None the less it is conventional now to view this story and some of the other stories of Judges, Ruth, Samuael and Kings as “folk legends” that is stories rooted in some unrecoverable happening but now greatly exaggerated through constant retelling. However, Brueggemann suggests this should not mean that we consider these stories as fanciful and therefore not to be taken seriously. Because these narratives are evidence of a way of knowing and living and experiencing reality that lies outside rationality and royal control. That these stories of the so called “folk” survived and are given such prominence in the story attest to life that has not been brought under control. Thus it is plausible to suggest that this narrative (and others like it) functions to delegitimate royal power and to assert that YHWH, the giver of life has other agents and other avenues outside monarchy to give the gift of life.
This gives me much hope in a world that continues to be governed by Ahabs. It also reminds me that perhaps the so called wicked problems the world confronts, that even our own town confronts, will not be solved by those in power and their bureaucrats. They will not solved by some very grand and very expensive solution but by small things that rise up from the ground by people that really care.

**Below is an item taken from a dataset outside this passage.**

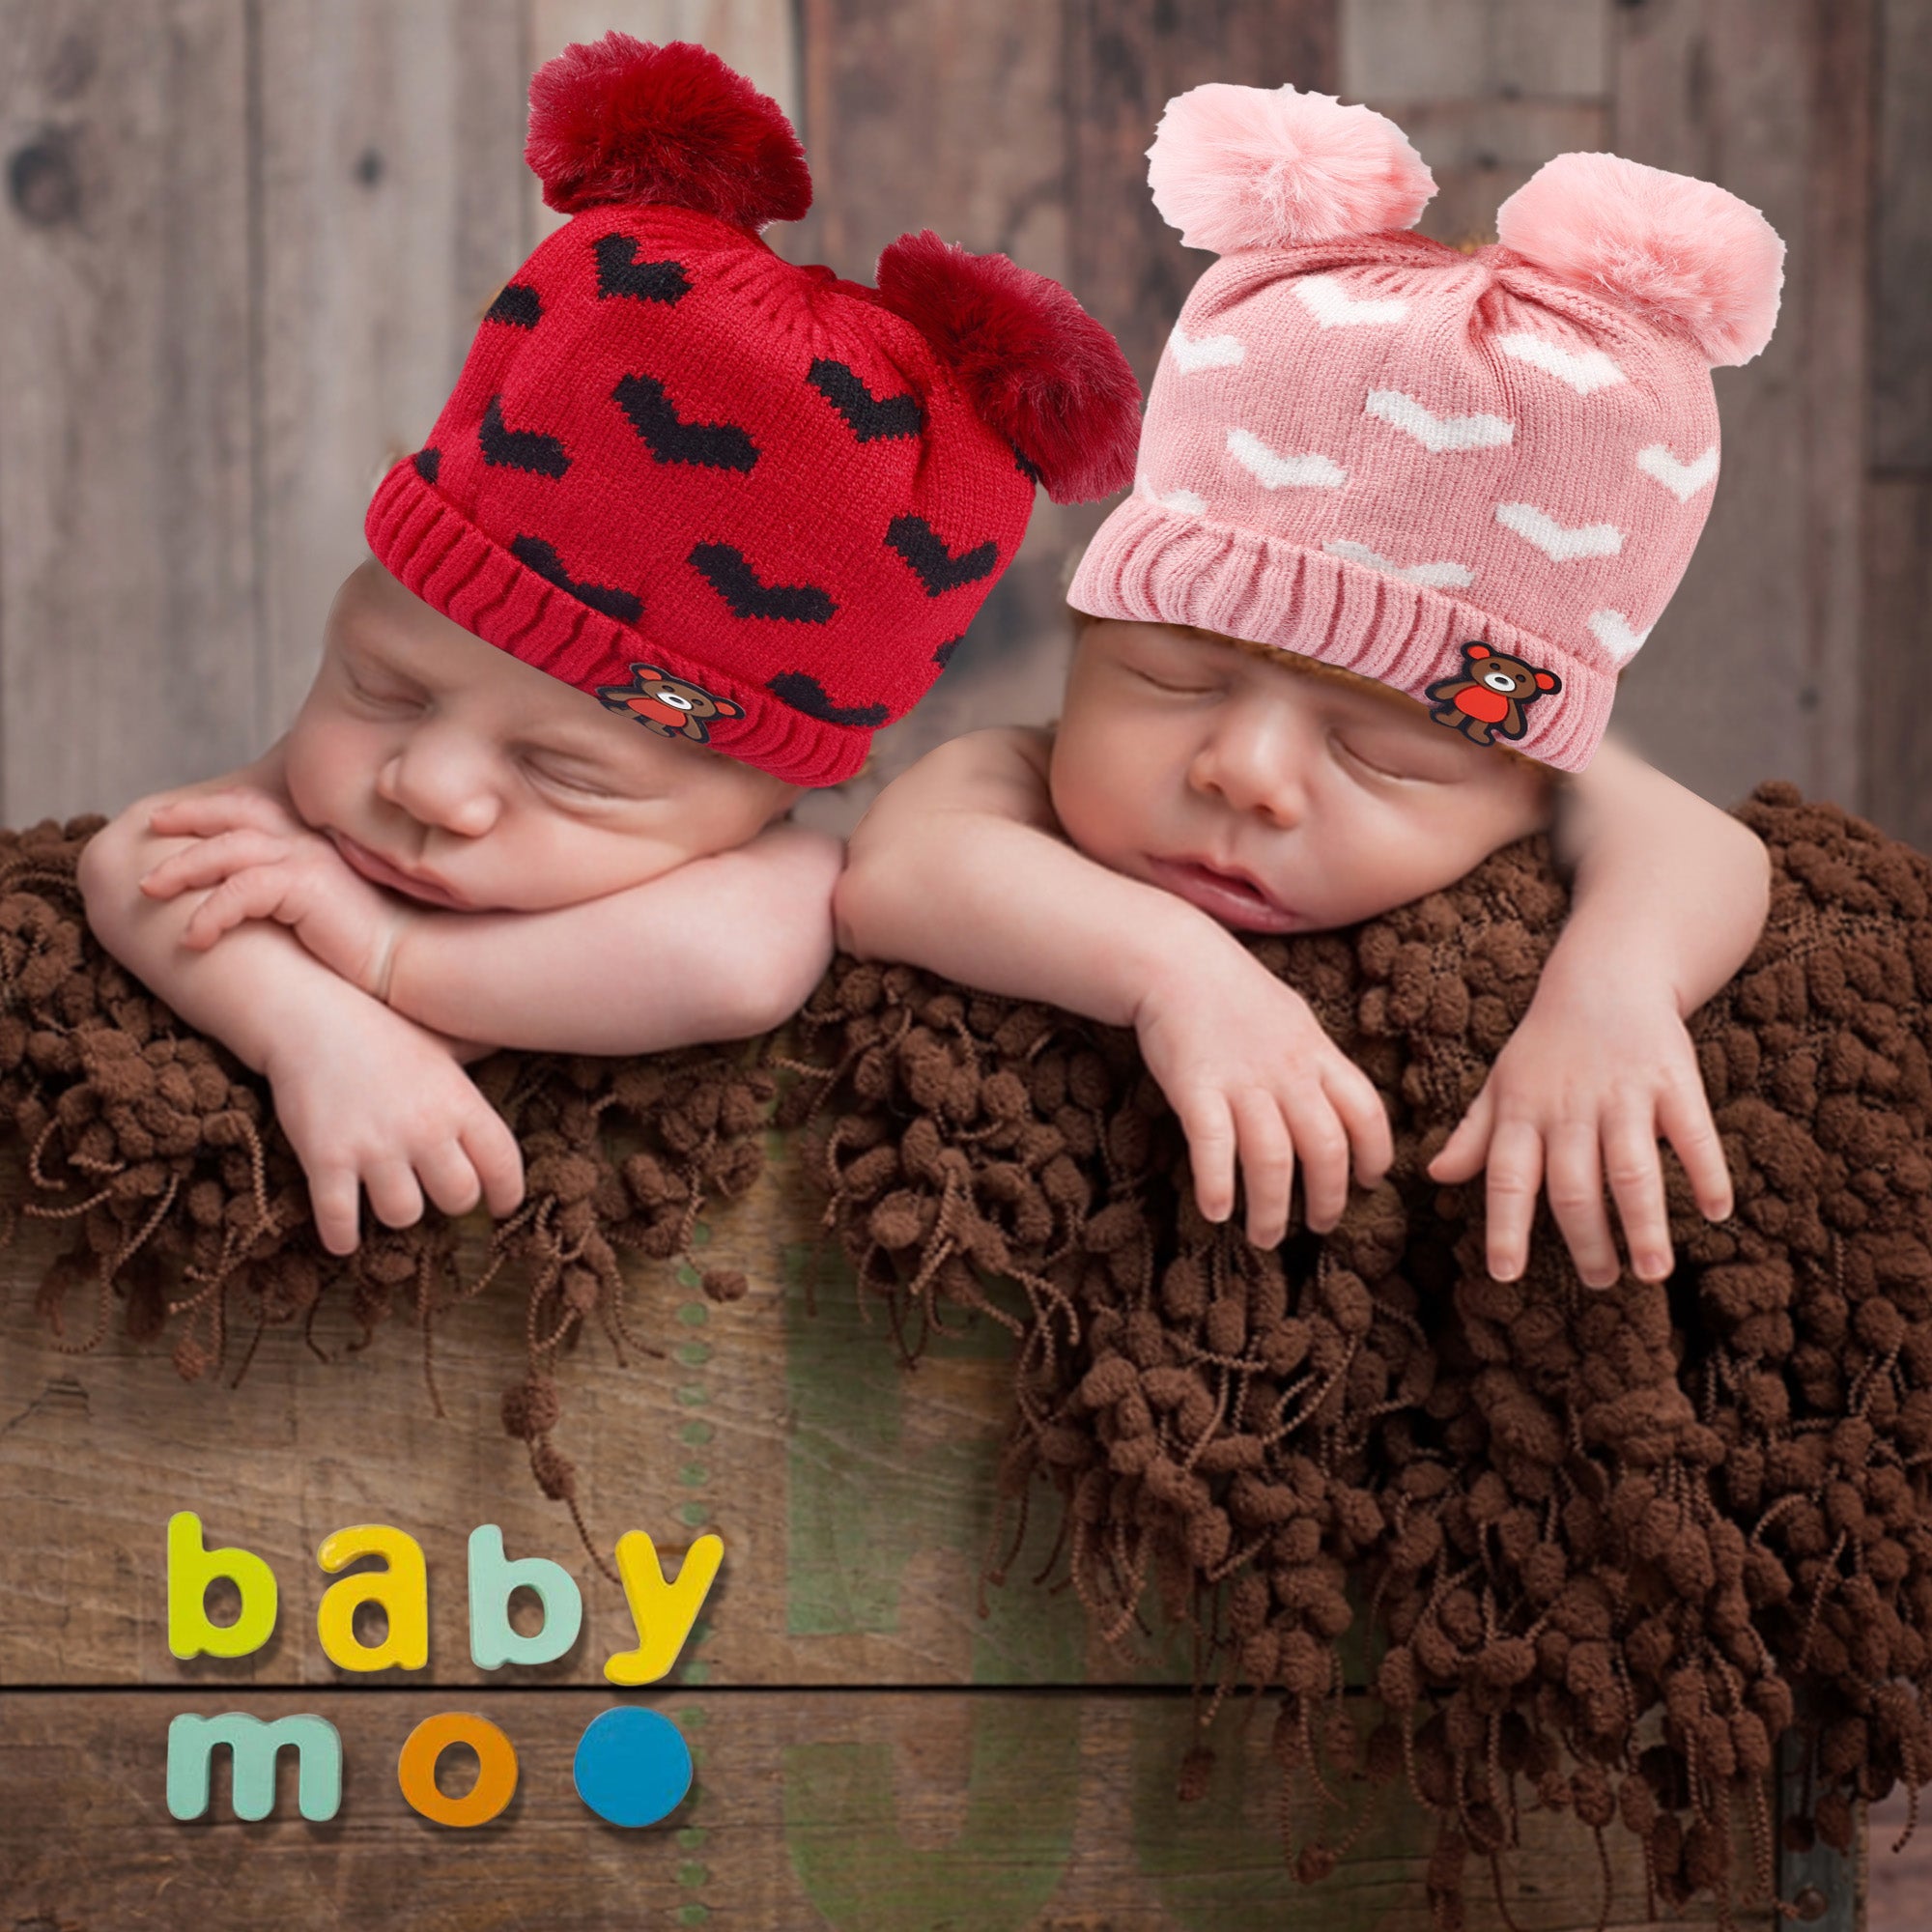 Baby Moo Pom Pom Hearts Red And Pink 2 Pk Woolen Cap

The modern church like ancient Israel is also invited to be an alternative community with an alternative future and promises. That is certainly not to say that the world and everything in it is evil and so we are called to reject it and everyone in it and retreat into our own Christian bubble. Far from it. The world is God’s good creation and Jesus came into it. But we are still 3called to be an alternative to the ways of Pharoah. Again to quote Brueggeman,
be an alternative to the endless demands of market ideology that depend on the generation of needs and desires that will leave us endlessly feeling “rest less, inadequate, unfulfilled, and in pursuit of that which may satiate desire. Those requirements concern endless production so that we are a society of 24/7 multitasking in order to achieve, accomplish, perform and possess. But the demands of the market ideology pertain as much to consumption as to they do to production. Thus the system of commodity requires that we want more, have more, own more, use more, eat more and drink more and any unmet desire is seen as an aberration that must be and should be overcome by whatever means.

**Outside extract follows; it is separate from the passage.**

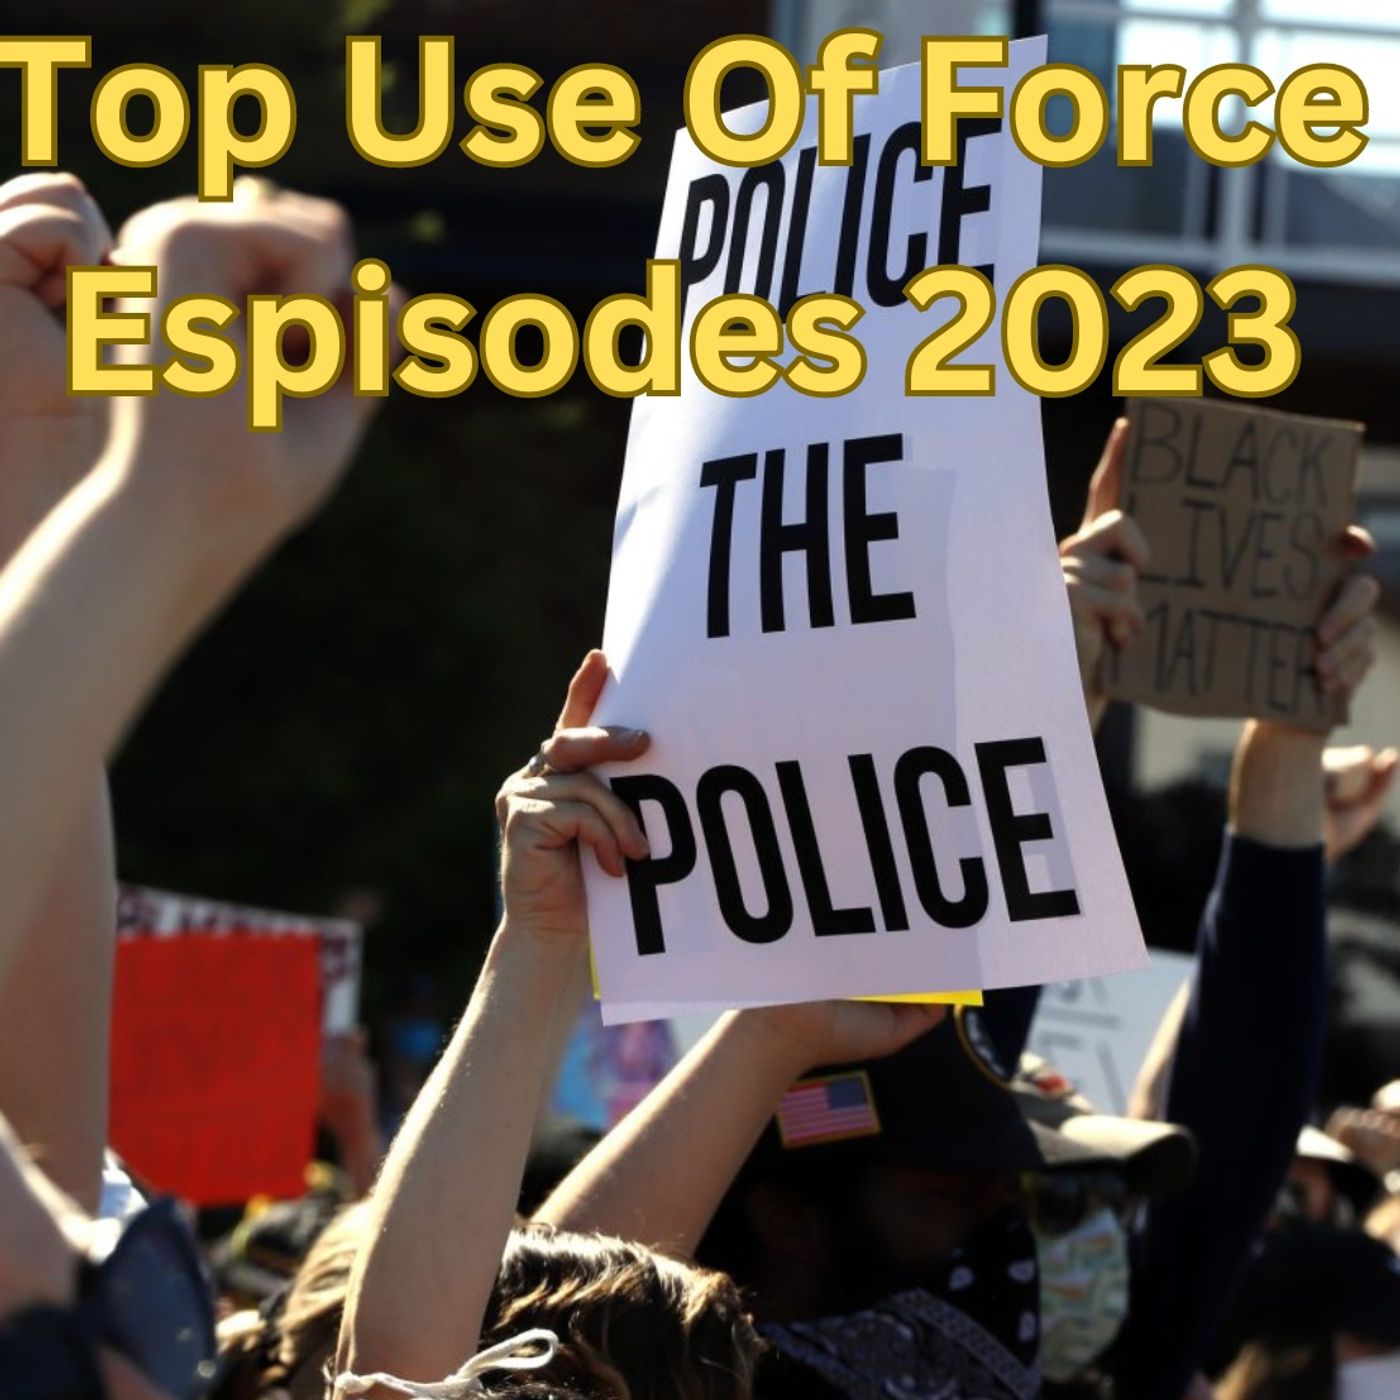 Top Use Of Police Force Episodes 2023

This of course has devastating consequences on the earth, on our mental health and on our relationships with our neighbours who are mostly seen as competitors for scarce resources. It also has consequences to our relationship with God who we no longer have time for in pursuit of these other gods.
Our world needs as much as ever prophets. Prophets like Elijah who identify and challenge those parts of the world order and in us that are contradictory to God. But also remind us that God is indeed in our midst and active in our world and that He will make all things new, even in circumstances and in ways that seem impossible.